An application was developed that can run these queries on a PostgreSQL server running the STRING database. This database can be downloaded for free for academic use. Unfortunately, the STRING API does not provide enough functionality to do the homolog mapping, so a PostgreSQL database with the STRING data is always needed.

More detailed use of the application is described in the application page.


Searching for interactions

To get an idea of which interactions may occur, interactions within the original organisms where mapped to their E. coli homologs: IGEMTUDelft Interactiongraph.PNG

In more detail:

  • The sequence of every introduced protein (See the coding biobricks) was blasted against the STRING protein database. This resulted in a number of proteins that are either the correct proteins, or homologs of the introduced proteins.
Biobrick Short name STRING Database ID
BBa_K398000 LadA 420246.GTNG_3499
BBa_K398001 AlkB 101510.RHA1_ro02534
BBa_K398002 RubA3 246196.MSMEG_1840
BBa_K398003 RubA4 350058.Mvan_1744
BBa_K398004 Rubredoxin reductase 101510.RHA1_ro02537
BBa_K398005 Bt-ADH 235909.GK0984
BBa_K398006 Bt-ALDH 235909.GK2772
BBa_K398100 bbc1 Dropped: Not in STRING database, and

protein sequence blast only resulted in eukaryotic homologs

BBa_K398200 AlnA 62977.ACIAD0697
BBa_K398201 OprG 160488.PP_0504
BBa_K398300 AlkS 399739.Pmen_0429
BBa_K398400 Prefoldin-alpha 70601.PH0527
BBa_K398401 Prefoldin-beta 70601.PH0532
  • For each protein, the interactions stored in STRING where gathered.
  • For each found interacting protein, E. coli homologs where gathered.
  • This results in a combination of interactions with their E. coli homologs. The likelyness of this being a true interaction depends on the STRING interaction score (Data from publication text mining, microarrays and other sources) and the BLAST score (The homolog mapping step).


Result

Prefoldin interaction mapping

The network below shows the putative interactions of the prefoldin biobricks, and any interacting proteins that do not have homologs in E. coli.

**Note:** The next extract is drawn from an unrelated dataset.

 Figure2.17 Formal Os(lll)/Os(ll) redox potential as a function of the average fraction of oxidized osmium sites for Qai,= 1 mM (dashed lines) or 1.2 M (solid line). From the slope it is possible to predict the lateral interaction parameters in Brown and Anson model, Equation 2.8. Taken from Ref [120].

  • Green: E. coli homologs of a Pyrococcus protein that is interacting with prefoldin, according to the STRING database.
  • Red: Missing homolog.


As prefoldin is working in E. coli, one could argue that this is because it is interacting with the green proteins. This could be a hint for more research into the Pyrococcus prefoldin proteins.


Alkane degradation pathway interaction mapping

Additionally, the alkane degradation proteins where also entered into the mapping tool, as shown below. However, we already know how this system works. The STRING interactions probably just show parts of the pathway proteins that are expressed together, hence this analysis is a lot less useful.